HZ. İBRAHİM’İN YOLUNDA
Hz.
Peygamber aleyhisselâm,
Yahudilik, Hıristiyanlık ve İslamiyet’in aynı ilâhı ve hak olan bir kaynaktan
geldiği hususunda ehl-i kitab’ı ikna etmek için, onlardaki Hz. İbrahim inanç ve
sevgisini değerlendirmek istemiş, bu müşterek kaynağa sıkça atıflar yapmıştır.
Kur’an’da
İbrahim isminin 69 kere zikredilmesi, hadislerde sıkça Hz. İbrahim’den söz
edilmesi, O’nun bu nokta-i nazardan da taşıdığı ve kıyamete kadar da taşımaya
devam edeceği ehemmiyetinden ileri gelir. Yahudi ve Hıristiyanlar ise O’nun
hakkında ihtilaf etmiş, her biri O’nu kendisine mal etmek istemiştir. Dinimizde
ise Hz. İbrahim aleyhisselâmın
çok mümtaz bir yeri vardır.
Hz.
İbrahim’in en mümtaz yönlerinden biri put kıran bir peygamber oluşudur. Allah’a
kulluğu önlemek gayesiyle dikilen çeşitli putları kırmış, baltayı da
putseverlere ilzam için kasten sağlam bıraktığı en büyük putun boynuna asmış,
cinayetin failini arayanlara: “(Balta boynunda olduğuna göre) belki onu şu
büyükleri yapmıştır, konuşabiliyorsa ona sorun” demiştir. Put severler: “Ey
İbrahim, bunların konuşmayacağını and olsun ki sen de bilirsin.” deyince: “O
halde Allah’ı bırakıp da size hiçbir fayda ve zarar veremeyecek olan putlara ne
diye taparsınız? Size de, Allah’ı bırakıp taptıklarınıza da yazıklar olsun!

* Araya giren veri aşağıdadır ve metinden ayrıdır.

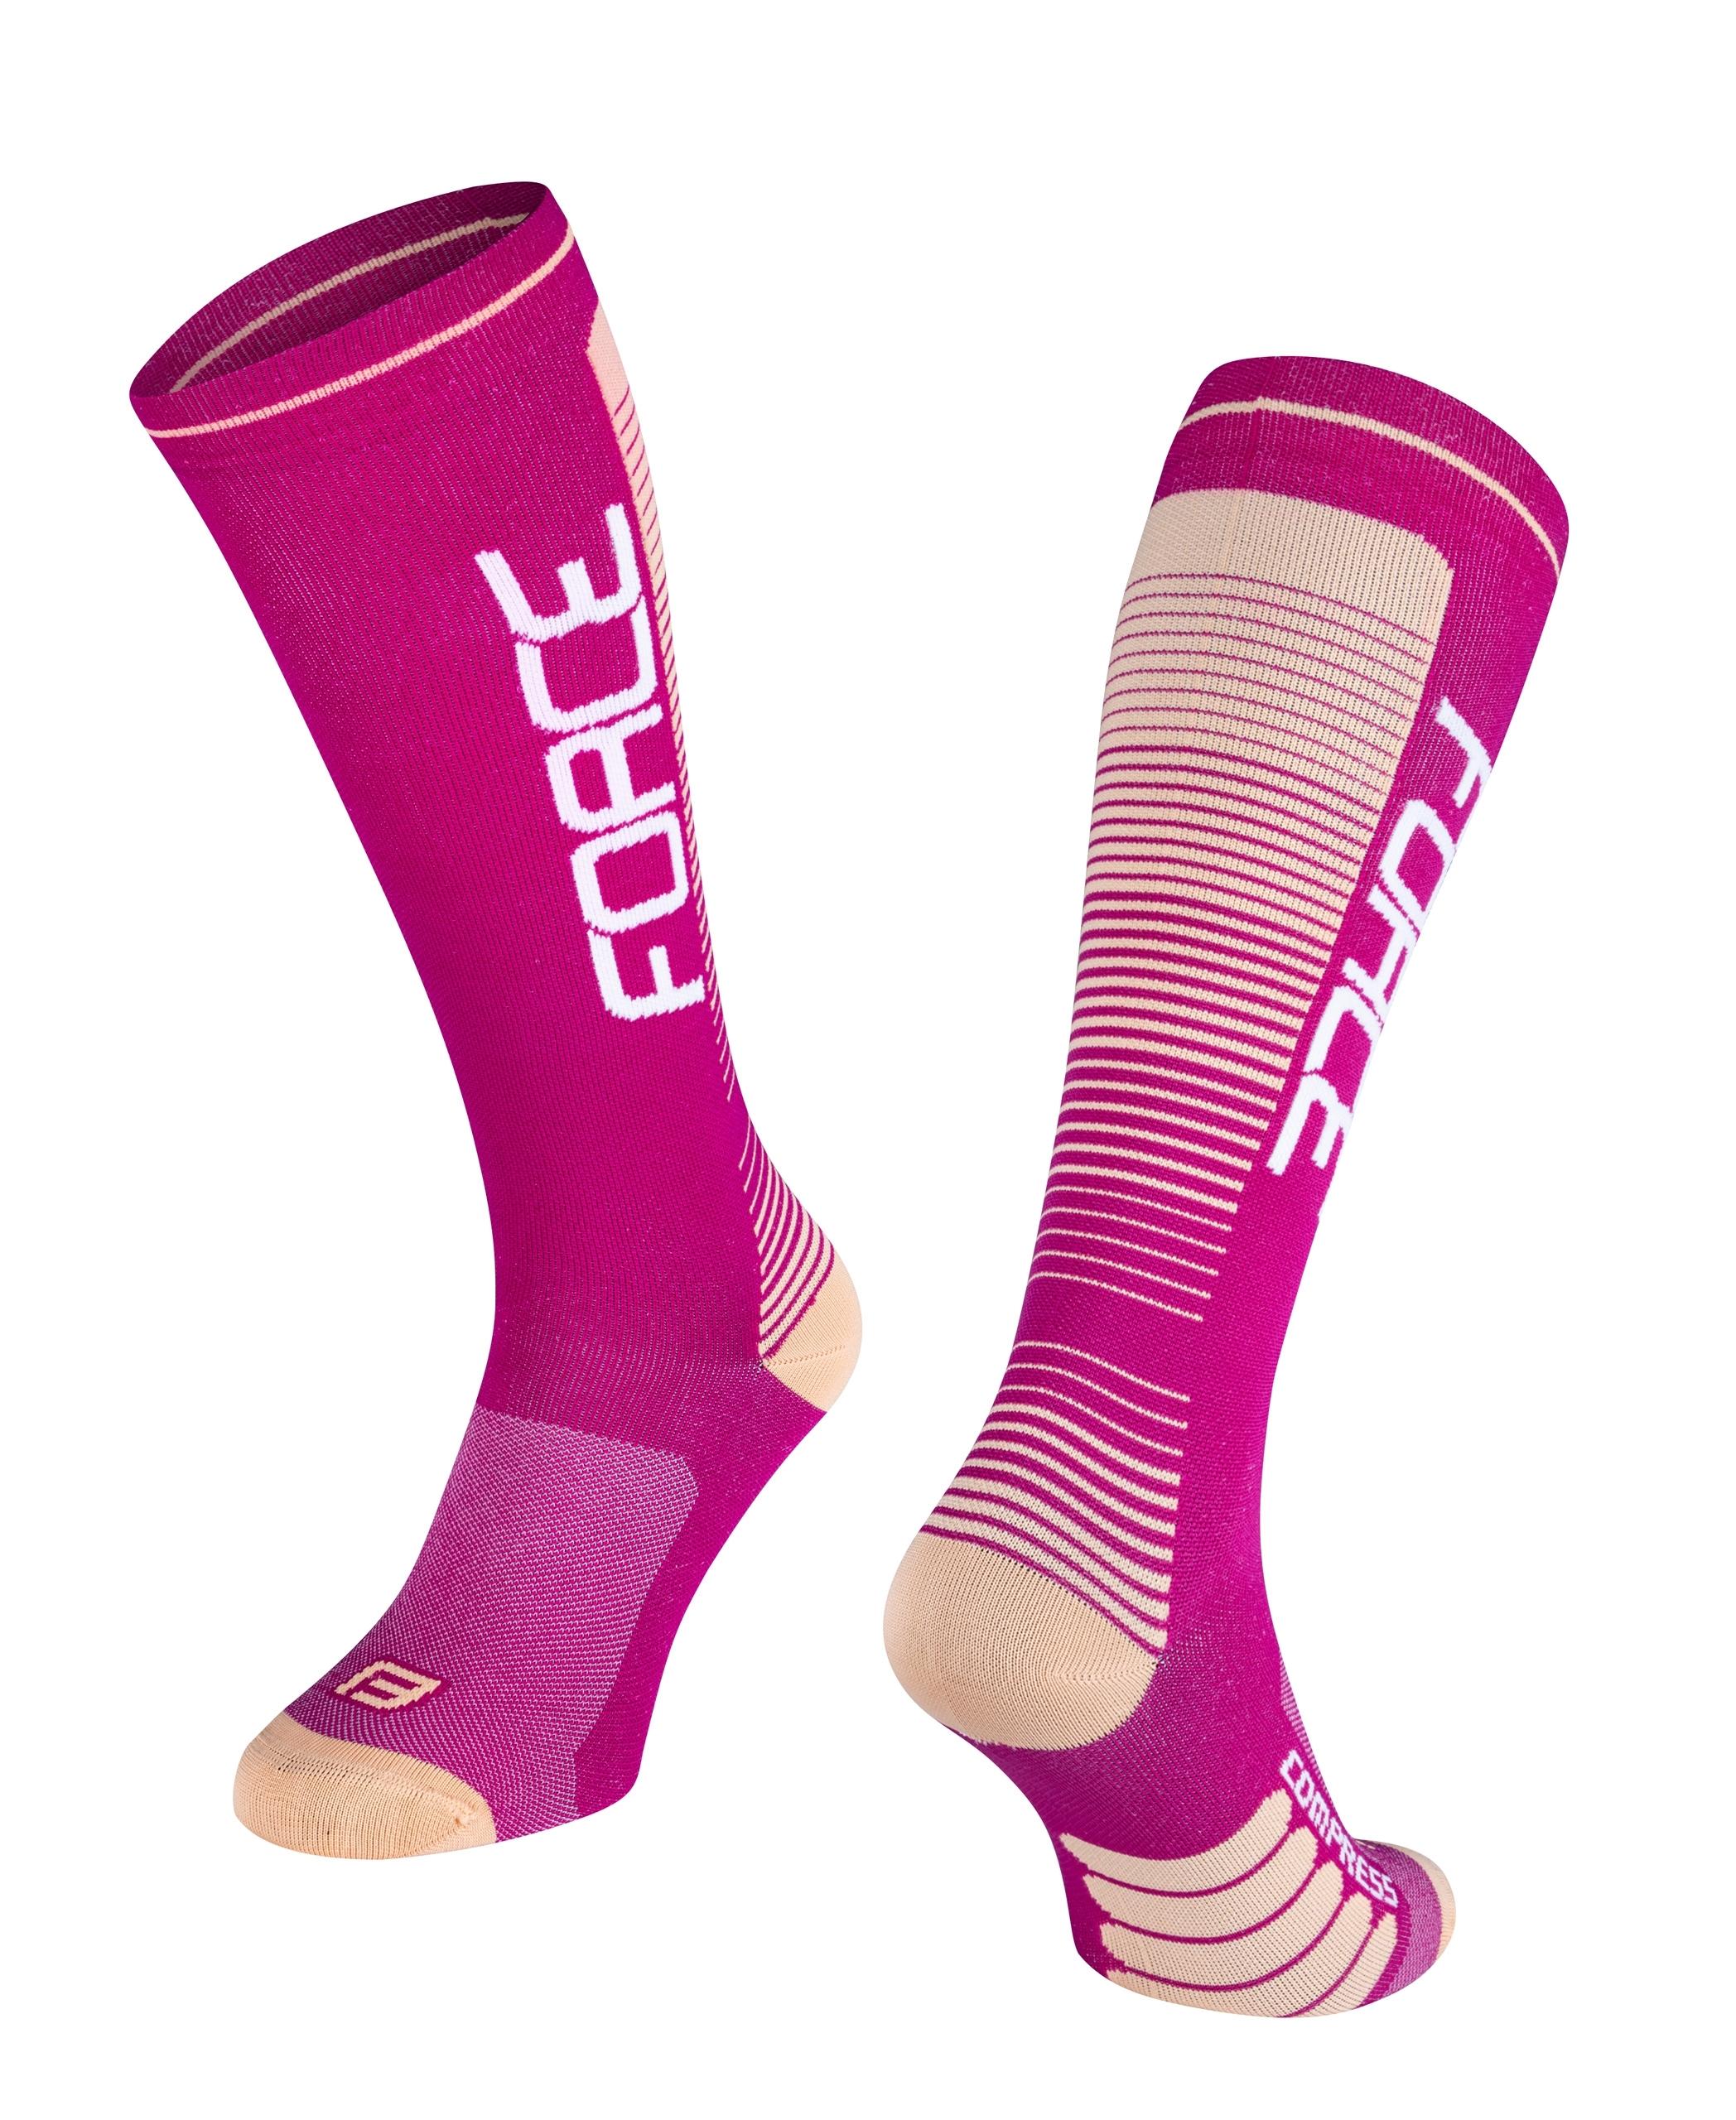 ponožky F COMPRESS, fialovo-meruňkové L-XL/42-47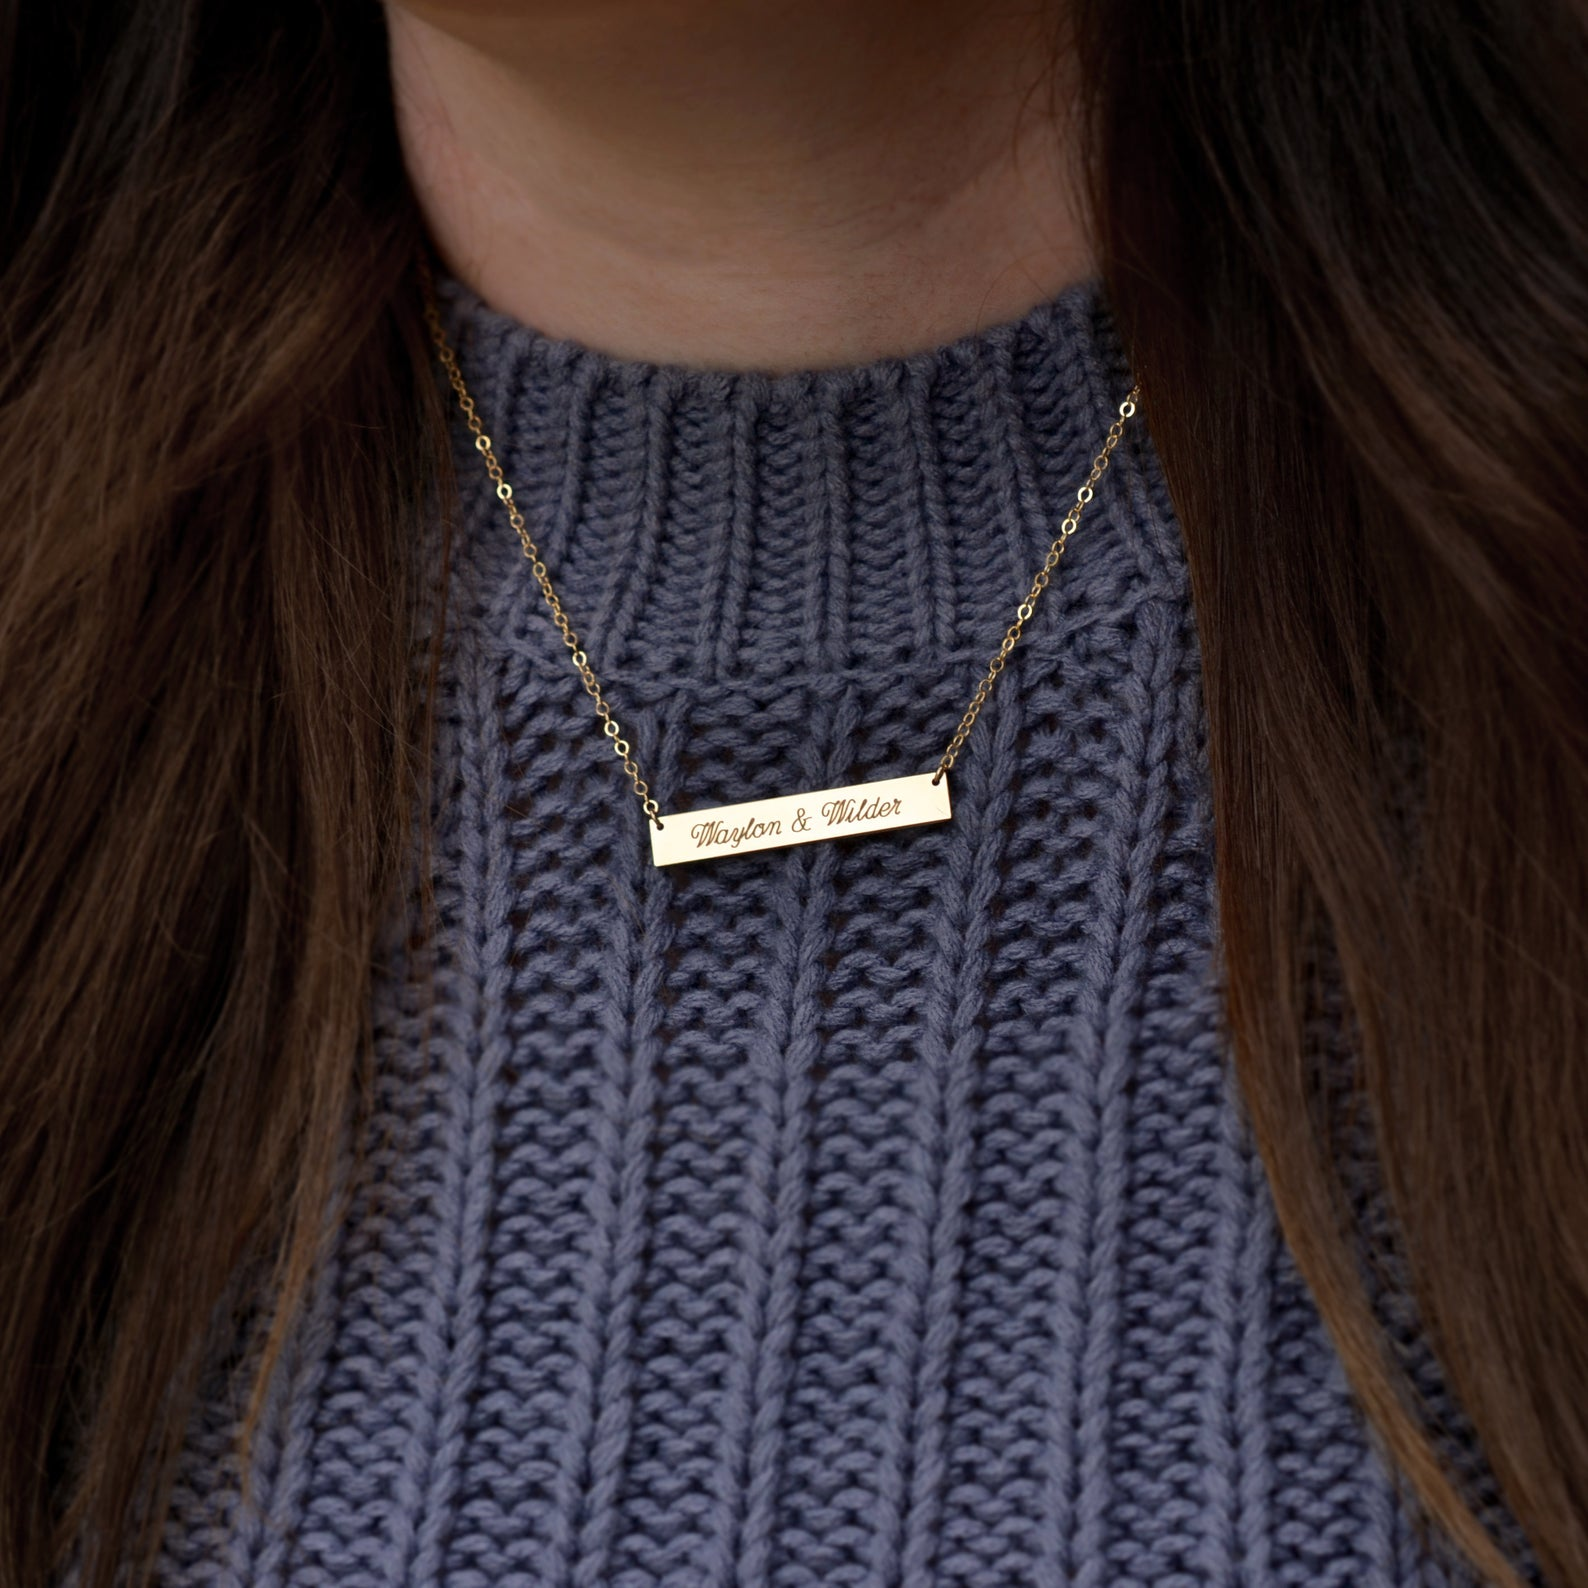 fiancée gift idea - wedding date necklace

Akletmiyor musunuz?” (Enbiya:21,52,70)
diye ilzam etmiş, cevap veremeyecekleri hale getirmiştir.
Bu
ilzamdan sonra kâfirler yola mı geldi, “İbrahim haklı mıdır?” dediler. Hayır.
Her devirde, hak noktasında mağlup olanların yaptıklarını yaptılar: Kuvvete
başvurdular. Hakkın sesini kuvvetle, zorla, işkenceyle, ateşle, kanla boğmaya
yöneldiler: “Bir şey yapacaksanız, şunu yakın da tanrılarınıza yardım edin.” ( Enbiya:68)
dediler ve Hz. İbrahim ateşe atılır.
Hz.
İbrahim’in şahsında kıssa edilen iman-küfür mücadelesinin “Nihaî zafer
müminlerindir.” (A’raf:128)
âyeti gereğince Allah sonucu şöyle ifade eder: “Biz, ey ateş, İbrahim’e karşı
serin ve zararsız ol dedik. Ona düzen kurmak istediler, fakat biz onları
hüsrana uğrattık.” (Enbiya:70)
Hz.
İbrahim aleyhisselâm iman-küfür mücadelesinde, küfür cephesi hapishanelere,
ateşhanelere bile sahip olsa iman cephesine mensup olanların yılmaması, eğilmemesi,
neticeden emin olarak mücadelesine devam etmesi, icabında ateşe atılmaya varan
derecede şiddetlenecek zulme sabretmesi gerekliliğinin fiilî örneği olmakla,
kıyamete kadar büyüklüğünü, mürşidliğini koruyarak bizlere örnek olmaya devam
edecektir. (Bk. ibn Hacer, Fethu'l-bari, c:3, s:261)
Bu
küllî kaide bugün bizler için de geçerlidir. 166. Mısır firavununun zulmü
altında inleyen kardeşlerimize Hz. İbrahim misaldir. Suriye’deki Müslümanlara
Hz. İbrahim rehberdir. Bizler ve bütün ehl-i iman için Hz. İbrahim gerçek
rehnümadır.
“Hak
daima galiptir. Hakka galebe çalınmaz.” (Bk. ibn Hacer, Fethu'l-bari, c:3, s:261)
İbrahimî
yoldan gidenlere binlerce selâm olsun.